PUBLIC OBJECT

Files, Boilerplate, and Testability

I’m working on Okio’s multiplatform filesystem API. It introduces 3 main types:

  • Path: a value object that identifies a file or directory
  • FileMetadata: a value object that describes a file or directory, including its type and size
  • Filesystem: a service object to read and write files and directories

Plus two helpers:

  • FakeFilesystem: an in-memory Filesystem for fast and deterministic tests! Plus it makes it easy to confirm that you didn’t forget to close anything.
  • ForwardingFilesystem: decorates another Filesystem for observability, fault injection, or transformations.

I’m happy with how it’s shaping up.

Implicit and Explicit Dependencies

But I’m also anxious about how it compares to Kotlin’s JVM-only kotlin.io APIs. Let’s use it to write a million lines to a file:

  fun writeHellos(name: String) {
    File("hello1M.txt").bufferedWriter().use {
      for (i in 0 until 1_000_000) {
        it.write("$i hello, $name!\n")
      }
    }
  }

Doing the same thing in Okio is similar but it also needs the Filesystem.SYSTEM object. That clutters up the calling code:

  fun writeHellos(name: String) {
    Filesystem.SYSTEM.sink("hello1M.txt".toPath()).buffer().use {
      for (i in 0 until 1_000_000) {
        it.writeUtf8("$i hello, $name!\n")
      }
    }
  }

It would be so easy to get rid of this! We could just add a short extension function:

  fun Path.sink() = Filesystem.SYSTEM.sink(this)

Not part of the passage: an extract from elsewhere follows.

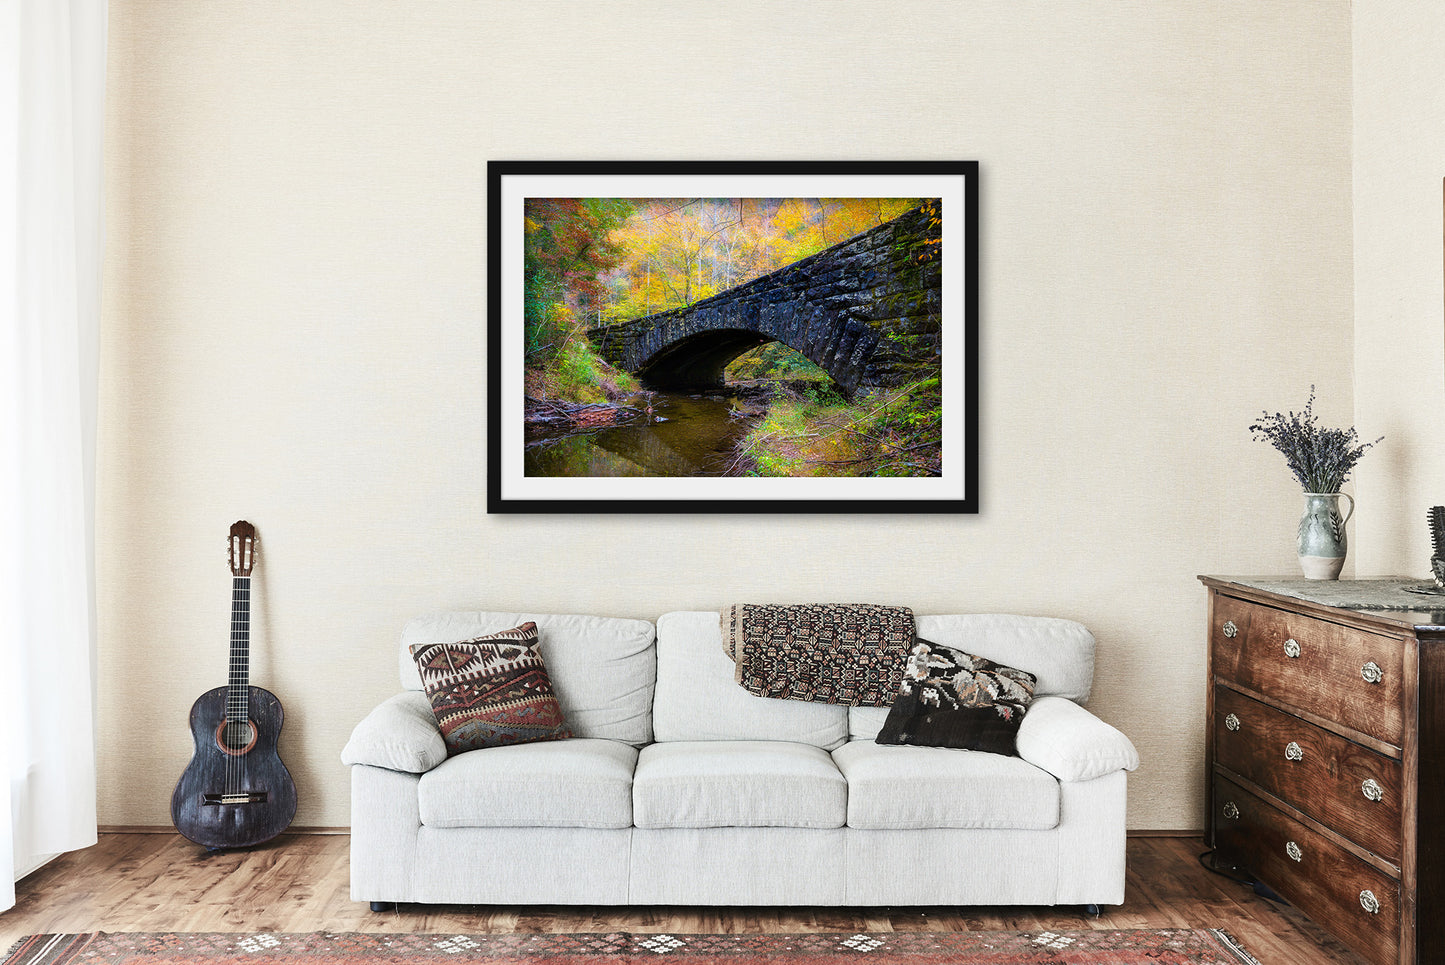 Framed Great Smoky Mountains Print with Optional Mat (Ready to Hang) Picture of Stone Bridge Over Laurel Creek Surrounded by Fall Color in Tennessee Forest Wall Art Country Decor

But doing so harms testability because it hides the Filesystem.SYSTEM dependency.

‘Injecting’ the Filesystem

For testability, let’s avoid using Filesystem.SYSTEM directly. To get it into the writeHellos function we have to make it a constructor parameter of its enclosing class.

class HelloFileWriter(
  private val filesystem: Filesystem
) {
  fun writeHellos(name: String) {
    filesystem.sink("hello1M.txt".toPath()).buffer().use {
      for (i in 0 until 1_000_000) {
        it.writeUtf8("$i hello, $name!\n")
      }
    }
  }
}

From our main function we supply the real filesystem:

fun main(vararg args: String) {
  val helloFileWriter = HelloFileWriter(Filesystem.SYSTEM)
  helloFileWriter.writeHellos(args.single())
}

And in our test we supply a fake:

  @Test
  fun happyPath() {
    val filesystem = FakeFilesystem()
    val helloFileWriter = HelloFileWriter(filesystem)
    helloFileWriter.writeHellos("Jesse")
    assertThat(filesystem.metadata("hello1M.txt".toPath()).size)
      .isEqualTo(20_888_890L)
  }

Testability Traps

I expect that almost all Kotlin and Java I/O code is only tested against a real filesystem, if at all. It’s easy to start out making direct calls out to the filesystem, and awkward to undo that afterwards.

But testing against the real filesystem is incredibly shitty!

  • It’s slower.
  • It makes tests flaky. Are tests isolated from each other? What about for concurrent execution?
  • It risks damaging your development environment. Do your tests slowly fill up your hard drive? Or quickly erase it?
  • It can’t do fault injection. Can you test what happens when a write fails?
  • It can’t detect leaks. Can you confirm that every file opened was also closed?

Okio + Files

Okio’s Filesystem is coming soon. It’s small, multiplatform, and testable.